I am wondering which one of the following is right :

Do you know anyone/someone who/that can help me.

I have already looked at some translator but it looks like both are right..but I guess that there is one that is more usual.

  • 2
    Short answer: "who" is preferable to "that" (since you are speaking of a person), and either "someone" or "anyone" is acceptable. Commented Aug 10, 2016 at 14:27
  • Thank you, it wasn't necessary to make a long answer anyway, yours is what I expected :) Commented Aug 10, 2016 at 14:38
  • "Anyone" and "someone" are usually (but not always) interchangeable in interrogatives with little change in meaning - in your example, they are. "Who vs that" is totally irrelevant to meaning in relative clauses. With human head nouns it's a free choice between wh- relatives and that- relatives: someone who can help me and someone that can help me show no semantic or syntactic differences.
    – BillJ
    Commented Aug 10, 2016 at 19:05

1 Answer 1


Someone and anyone mean different things. So which one is right depends on what you want to say. That is quite common in everyday English when speaking about a person, especially in spoken English. In formal English and in written English, who might be preferred.
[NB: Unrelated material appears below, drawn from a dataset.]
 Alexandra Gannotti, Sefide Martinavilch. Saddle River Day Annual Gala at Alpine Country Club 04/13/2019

Someone refers to a specific but unidentified person:

There's someone at the door.

You also say someone when you think there might be a person in existence who fits the definition of who you are referring to. This person is still specific but unidentified:

Do you know someone who can help me?

You think there is a possibility that a person exists who can help you, but you're not sure who they are.

If you have doubts that any person fits this description, that no such person might actually exist who can help you, you use anyone:

Do you know anyone who can help me?

You would not say

?There's anyone at the door.

because if you think there is a person at the door, even an identified person, you would use someone.
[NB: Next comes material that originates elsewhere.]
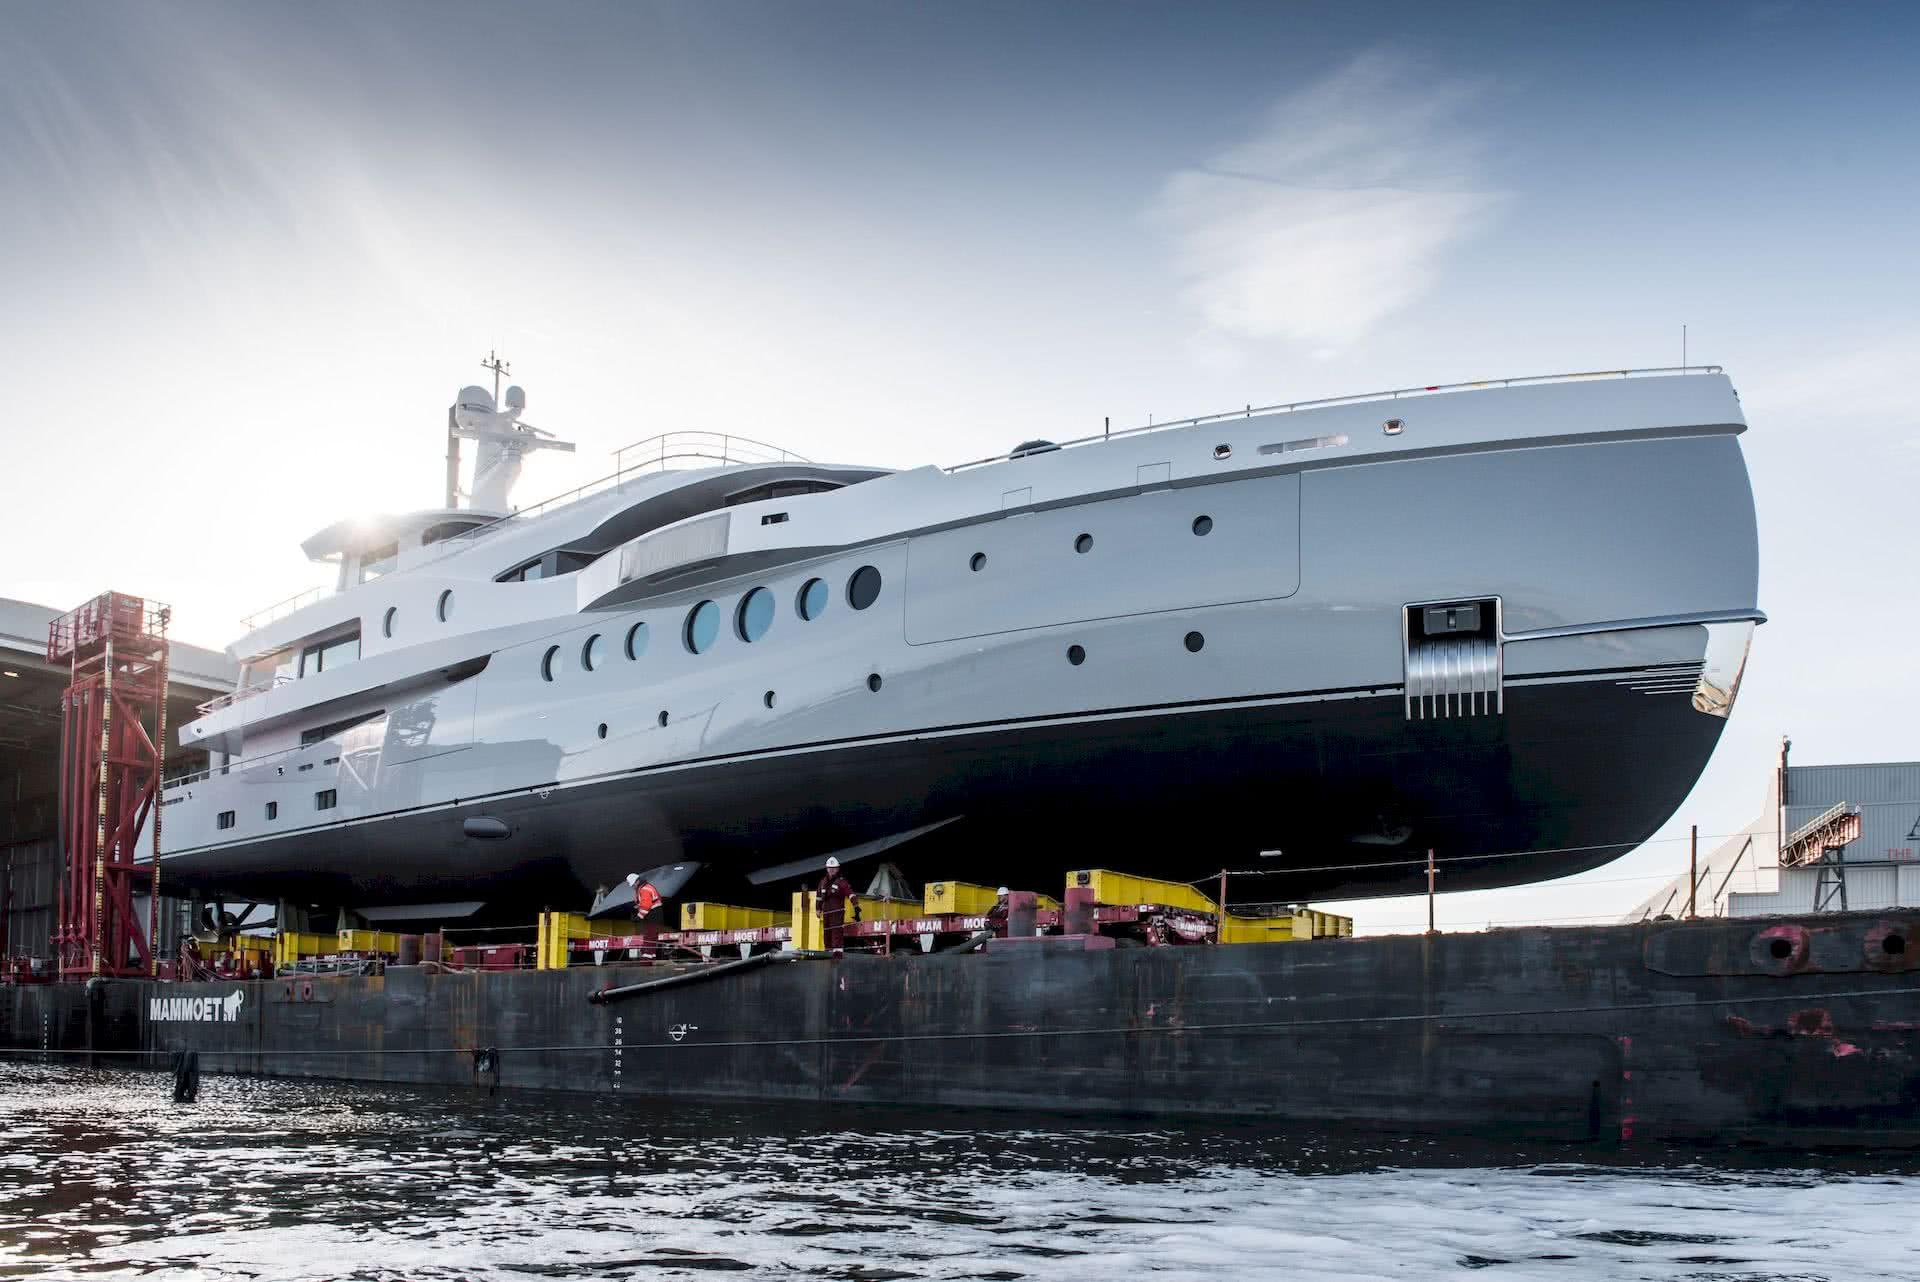 Amels 206 Motor Yacht

If you hear a noise in another room and you not sure it was a person who made the noise, you can ask

Is anyone there?

Perhaps it's a person, perhaps it's an inanimate object.

But if you think a person made the noise , you would say

Is someone there?

Here, again, you think there's a person present, but you have not identified who it is.

And my use of who in this answer illustrates my preference to use who in written English, although I know I use that in everyday spoken English, as do many native speakers.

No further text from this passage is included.